CHARLOTTE, N.C. - The tree arrived in a little box and without fanfare close to four decades ago, a seedling given by a brother in California to his sister here. For years it grew in a pot until Cary Ellen Howie decided, finally, it was big enough to go in the ground.

And there it is today, rising gracefully to 51 feet, about five stories tall, in her backyard. In a city filled with pines, poplars and oaks soaring to 100 feet and higher, one might not think twice about a tree half that height.

But this one is different. It's a redwood, Sequoia sempervirens, native to the very edge of California's misty Pacific coast. There, the tallest of the species grow over 300 feet. Here, Cary Ellen Howie and others who love and admire trees are happy with 51 feet, pleased the redwood has prospered this long in this Piedmont clay soil, Southern summer heat and long stretches of drought.

"I think it's really beautiful," says Howie, a poet, of her tree with cinnamon-brown bark and gracefully drooping layers of lacy evergreen foliage. Beyond the beauty there is the value of rarity.

`A unique tree'

"It's positively a unique tree," says Dr. William Logan, a Charlotte dermatologist who is chairman of the Mecklenburg Treasure Tree committee.

The group awards the title of Treasure Tree to unique trees notable for their size or rarity. Howie's tree is one of three coast redwoods in Charlotte designated as Treasure Trees. The other two are at Bartlett Tree Research Labs on Hamilton Road and the Van Landingham Estate on The Plaza. The Treasure Tree list comprises 123 trees of many kinds, including oak, magnolia, elm, ginkgo, holly, crape myrtle, ash, pine, poplar and pecan.

Howie's brother, Eugene Spake of Mill Valley, Calif., bought the little tree seedling in the mid-'60s and mailed it to her in a small box. It was the first redwood she'd ever seen. Howie planted and tended it carefully in a pot for four or five years, even bringing it indoors to a window for the winter.

The careful gardener

"I didn't want to take any chances," she recalls. When the tree got about 3 feet tall, she planted it outside - and continued to hover over it, making it feel at home in such a different place.

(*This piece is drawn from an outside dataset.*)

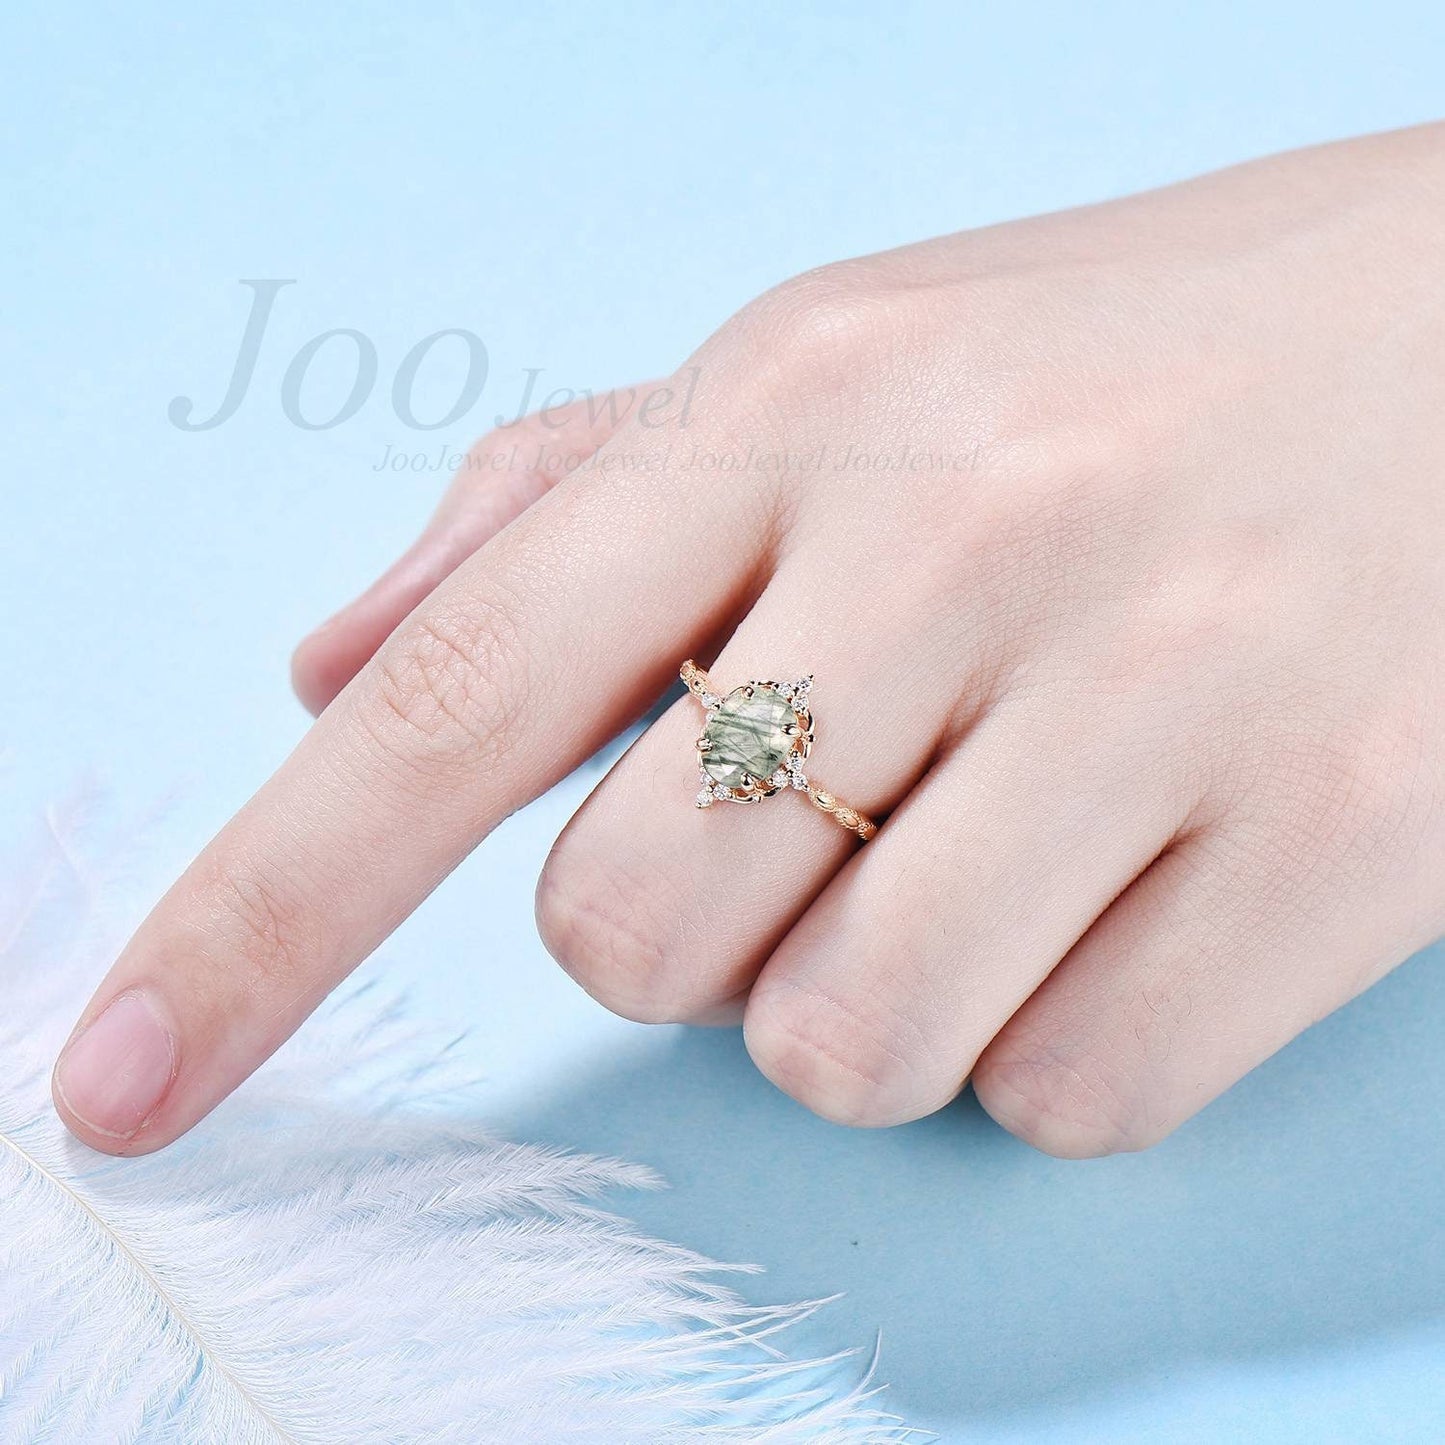 Natural Green Rutile Quartz Ring Unique Oval Solitaire Ring Green Crystal Ring ¡°PROTECT YOU FOREVER¡± Engagements Ring Anniversary Gift Women

When it didn't rain, she watered it carefully.

She did no tilling or digging in the root zone.

On hot summer days, she was out with the hose spraying the foliage.

"I knew that it grew naturally with the mist of the ocean, and I wanted it to feel some semblance of home," Howie said.

After Hurricane Hugo blew down trees all around Charlotte in 1989, she was thankful the redwood stood unscathed. Not a limb, not even a tiny branch came down in the historic storm. "I was so grateful," she recalls.

Two species of sequoia, coast redwood and giant sequoia, are the only remnants of about 40 species that flourished in the Northern Hemisphere millions of years ago.

Logan, of the Treasure Tree committee, believes the Howie redwood prospered because of the good care it received over the past decades.

"She has taken such good care of that tree, really done a wonderful job with the tree and it has really benefited.

"Whether it will ever be the size of [the California redwoods], well, I sincerely doubt that. This is not its ideal place. It's pretty dry here. And we don't have that nice offshore fog," Logan said.

`Very respectable tree'

"This will be a nice, very respectable tree," he added.

How well it will adapt to the Piedmont climate in the long term remains to be seen.

"We'll have to come back in about 500 or 600 years," says Logan, "and then we'll know." It was a reference to the redwoods' famed longevity.

Howie hopes that, whatever happens as Charlotte continues to develop, the redwood will be protected and grow not just for decades to come, but for centuries. The way they do in California.